YDA announces anti-PMC march to Islamabad on Oct 14

"The Pakistan Medical Commission is an unconstitutional, undemocratic and illegal body," says doctors association

By Web Desk
October 10, 2020
A group of doctors and staff members protesting outside a hospital. — Online/Raja Asim

The Young Doctors Association (YDA) on Saturday announced it will March to Islamabad on October 14, saying all wings of the association unanimously "reject" the formation of the Pakistan Medical Commission.

The statement came after a meeting held via video link of all the provincial units of the association.

Advertisement

The meeting was attended by presidents and cabinet members of Punjab, Khyber Pakhtunkhwa, Sindh, Balochistan, Azad Kashmir, Gilgit-Baltistan and Islamabad.

"The Pakistan Medical Commission is an unconstitutional, undemocratic and illegal body," it was agreed.

According to YDA, the formation of PMC is also "against international law".

"Licensing bodies around the world comprise stakeholders that are elected," it stressed.

The doctors' association said that with the "unorganised" implementation of the new law, "what would have been a bright future for millions of students across Pakistan has been darkened".

An organised movement against the law was announced in all the provinces of Pakistan, including the pursuance of legal action.

It also announced the formation of student committees at the medical college level.

Doctors from across Pakistan will march to Islamabad on October 14, said YDA, adding that after this, a "full-fledged movement" will be launched in all the major cities of the country.

The Pakistan Islamic Medical Association, the Pakistan Medical Association, representatives bodies of health professionals and other associations of medical professionals have already declared the bill passed by the parliament a violation of the Constitution.

The PMC Bill, which was signed into law by the president through an ordinance, was bulldozed by the PTI government during a joint session of the parliament on September 16. The Pakistan Medical Commission has thus replaced the Pakistan Medical and Dental Council (PMDC).

Maintaining that the step to abolish PMDC would cause deterioration in the standard of medical education and create problems for doctors serving abroad, health experts said that apex court had already declared it null and void, but the incumbent government was taking arbitrary and anti-people decisions by using its marginal majority in the parliament.

Last week, Sindh Health Department also opposed the bill, saying that it would turn medical education into a money-minting business and give unlimited autonomy to private medical and dental colleges to fix fees and admit students.
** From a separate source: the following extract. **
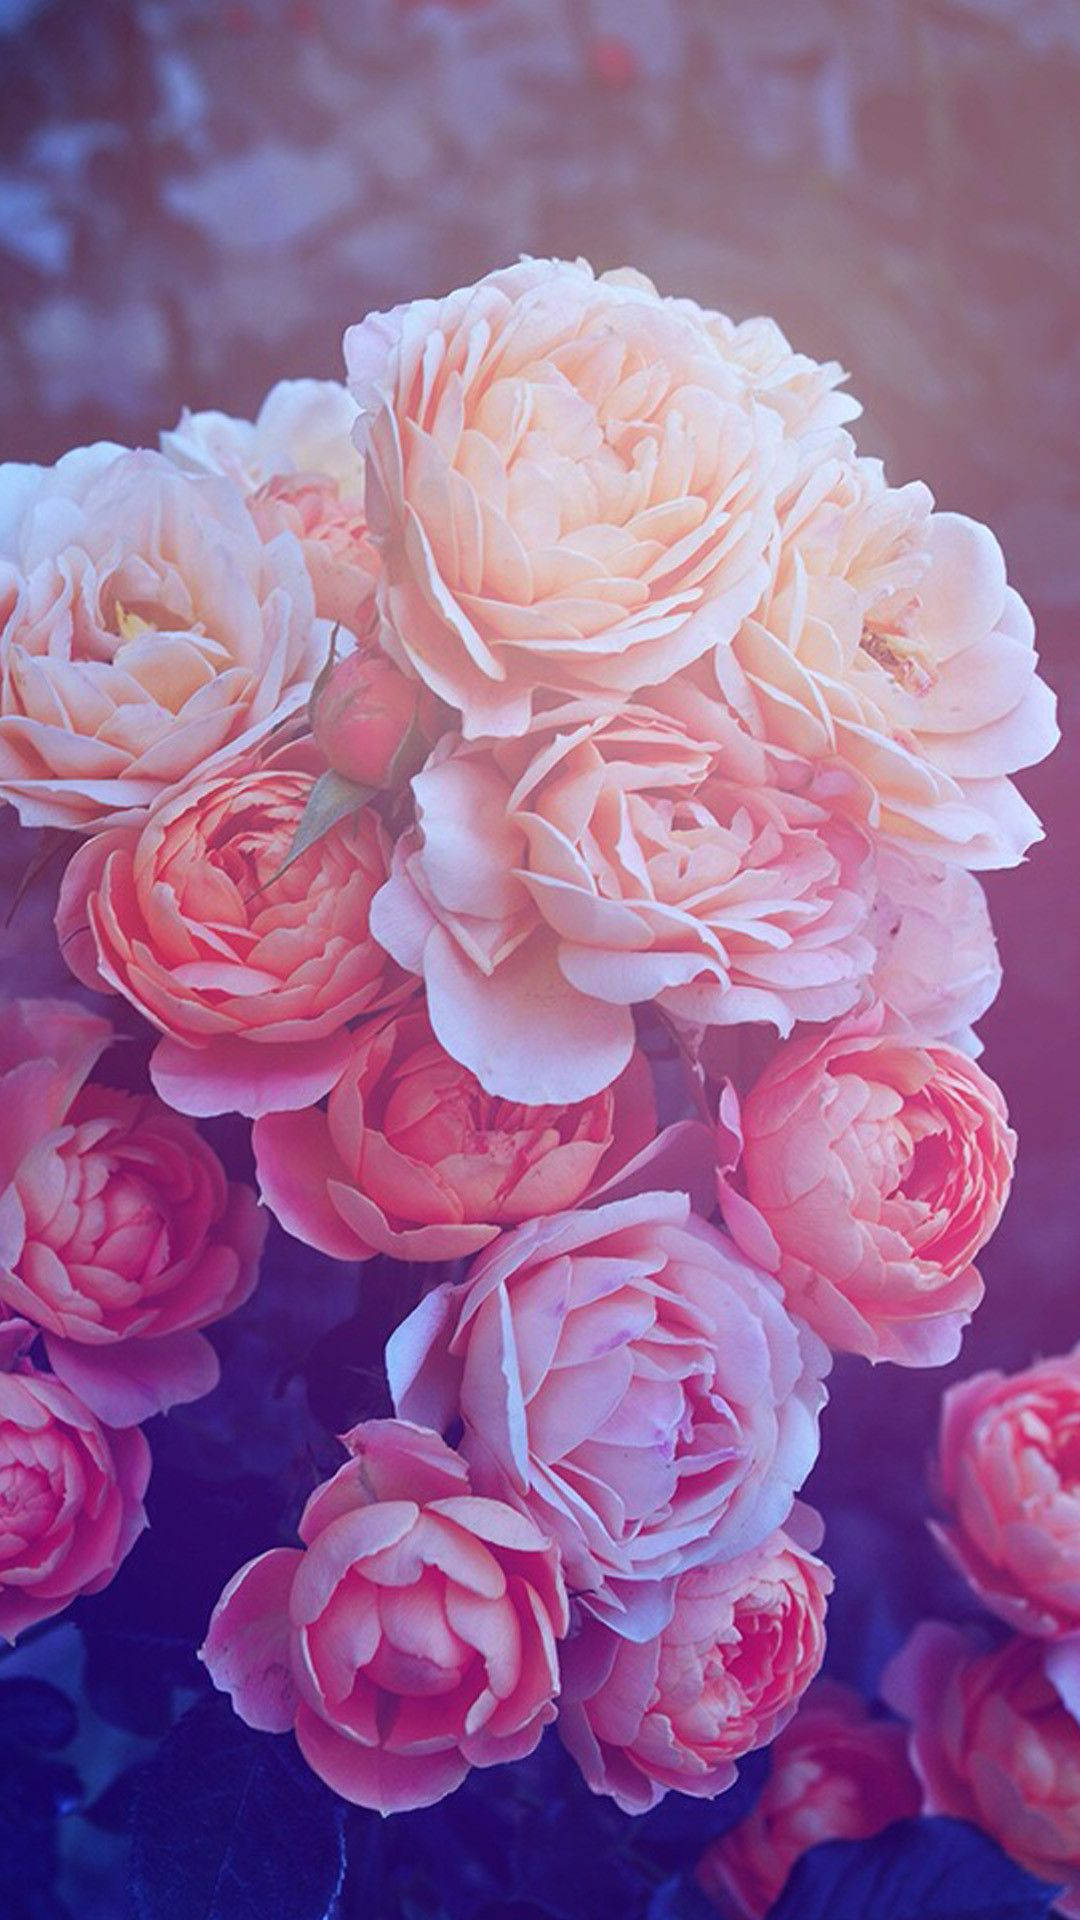 White, Peach And Pink Rose iPhone Background Wallpaper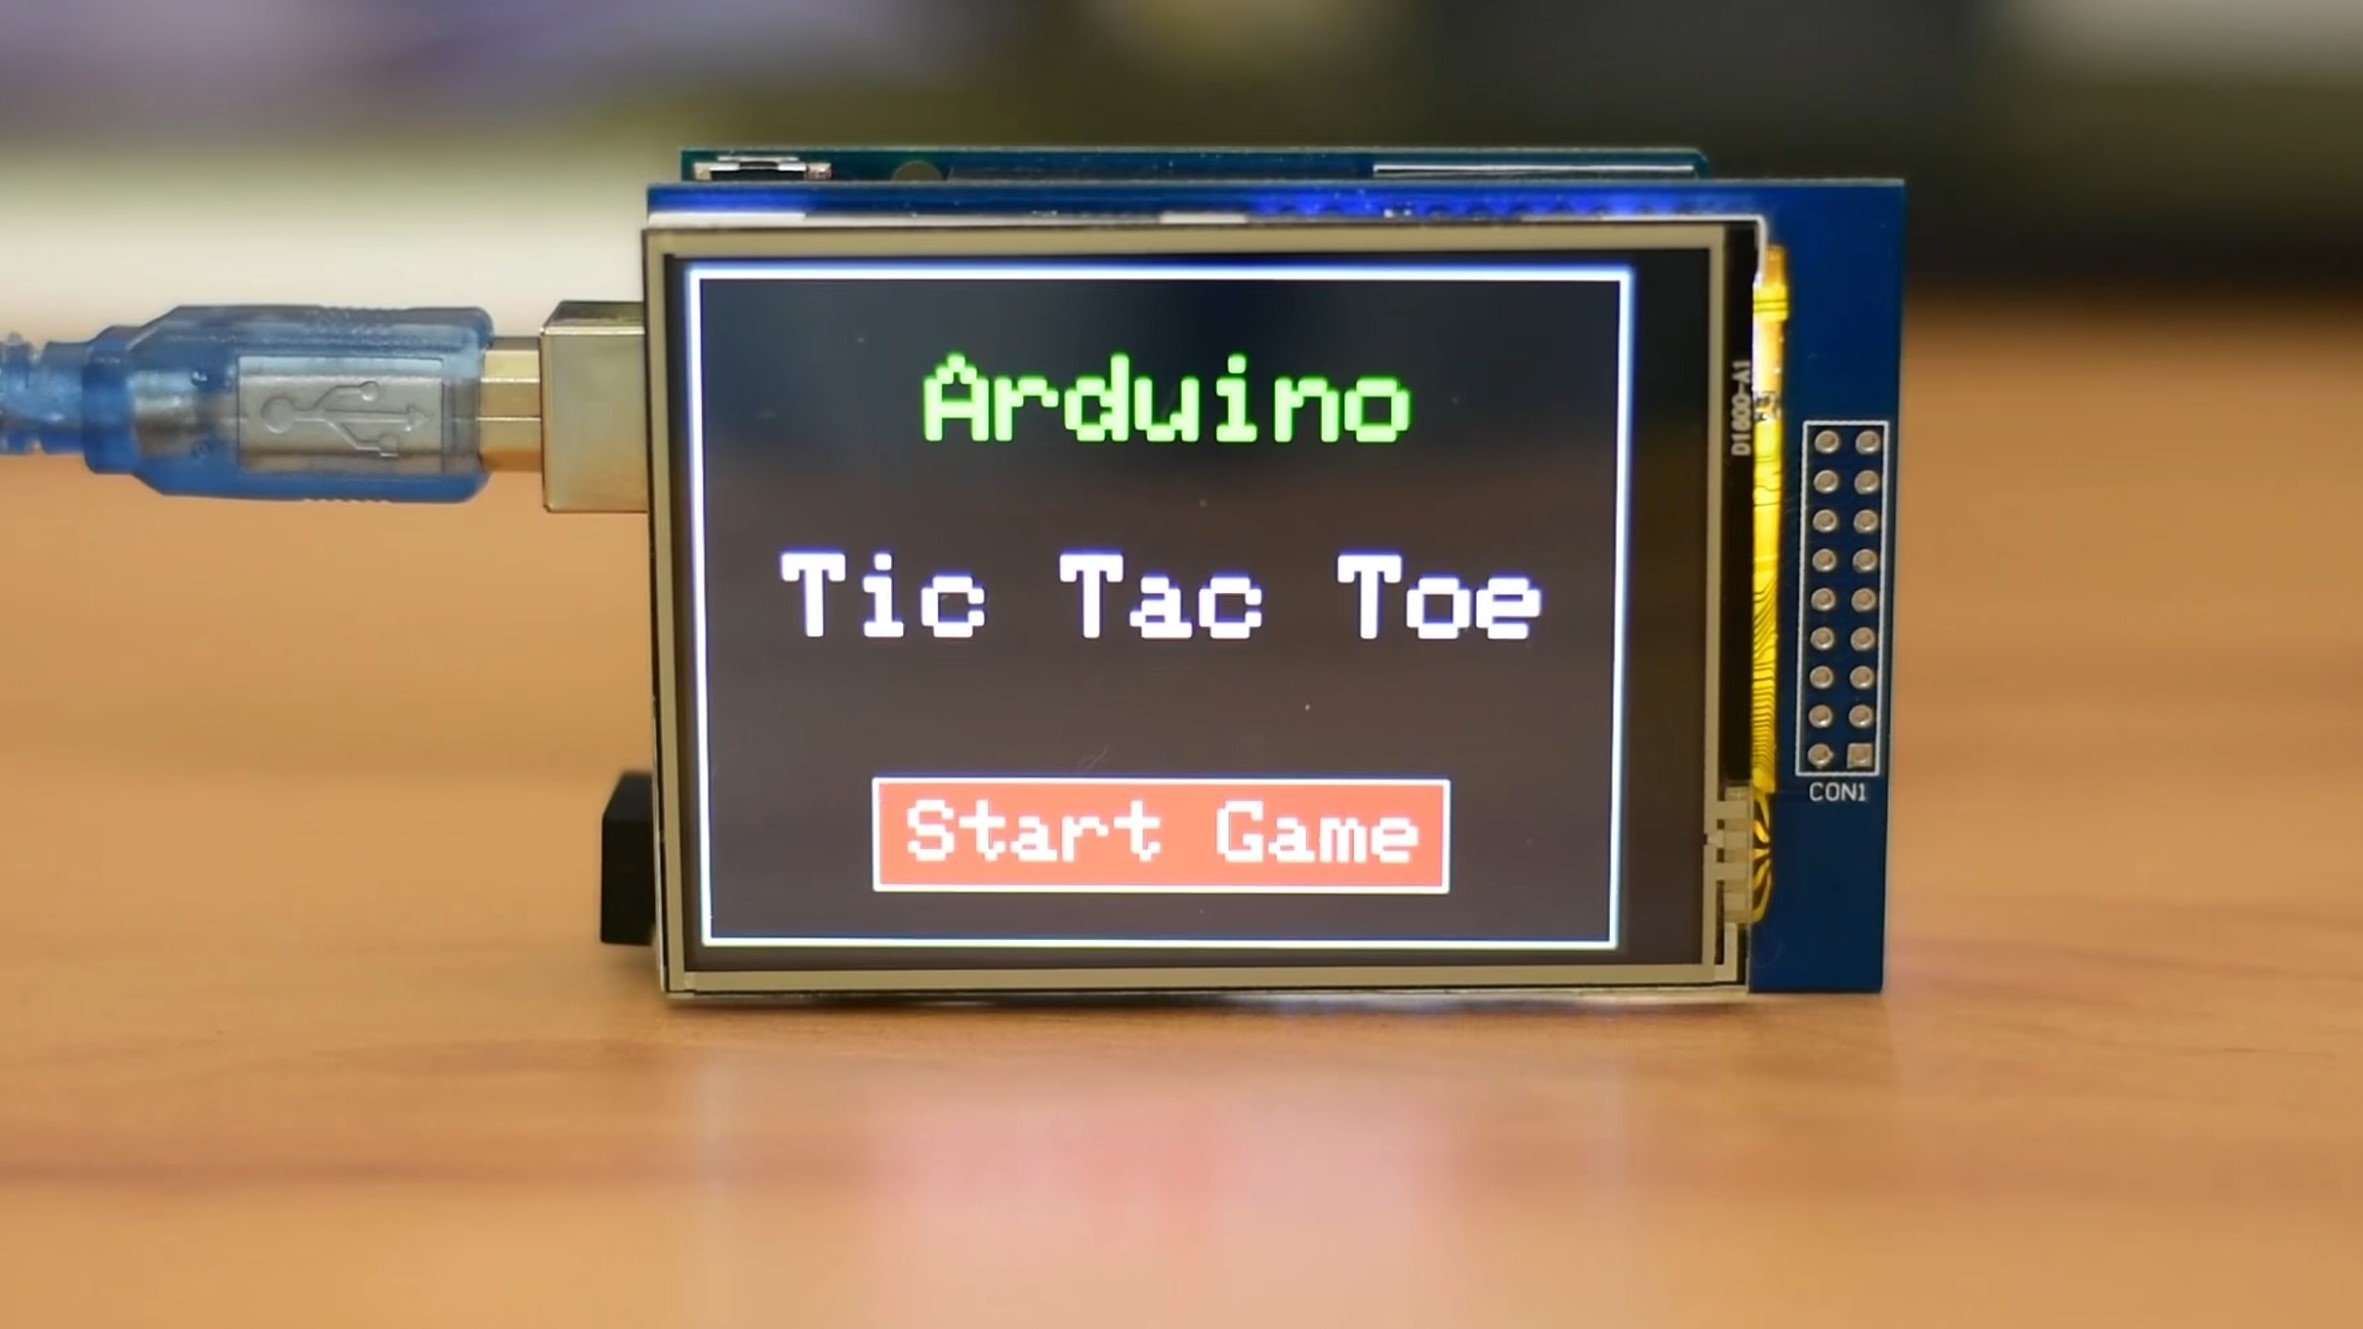 Which Arduino Is Best for Your Project

Pechuho terms bill a 'disaster'

Sindh Health Minister Dr Azra Pechuho said the parliament in its joint sitting had passed the PMC bill, which had earlier been rejected by a majority vote in the senate and was voted in when most of the opposition members were not present.

“Other than that, this bill will be a disaster for smaller provinces because it allows private medical colleges and universities to admit students irrespective of their domiciled province.”

Pointing out that a larger number of doctors — around 2,700 — get medical degrees from private colleges and universities, as there was no domicile bar for private institutions under the piece of legislation, the provincial minister said: “Through this bill, most of the seats in Sindh in the private sector will be filled by students from Punjab, and on graduating, these doctors will go back to serve their home province, causing a shortage of doctors in Sindh.”

She further said that under this act the federal government had also notified a Medical & Dental College Admission Test, or MDCAT, for students joining medical colleges and universities.

The entrance tests will be designed by the Centre, based on the federal curriculum, when each province has its own boards and its own curriculum, so this will put the students from the provinces at a disadvantage, she underscored.

“Last year the closing percentage for exams was 93% in Punjab and 73% in Sindh — a difference of 20%, which was even higher for other smaller provinces,” she recalled, adding that private colleges and universities are free to set their own fee structure, which opens the opportunity for the elite and moneyed to have access to professional education irrespective of merit, as private institutions are here to do business.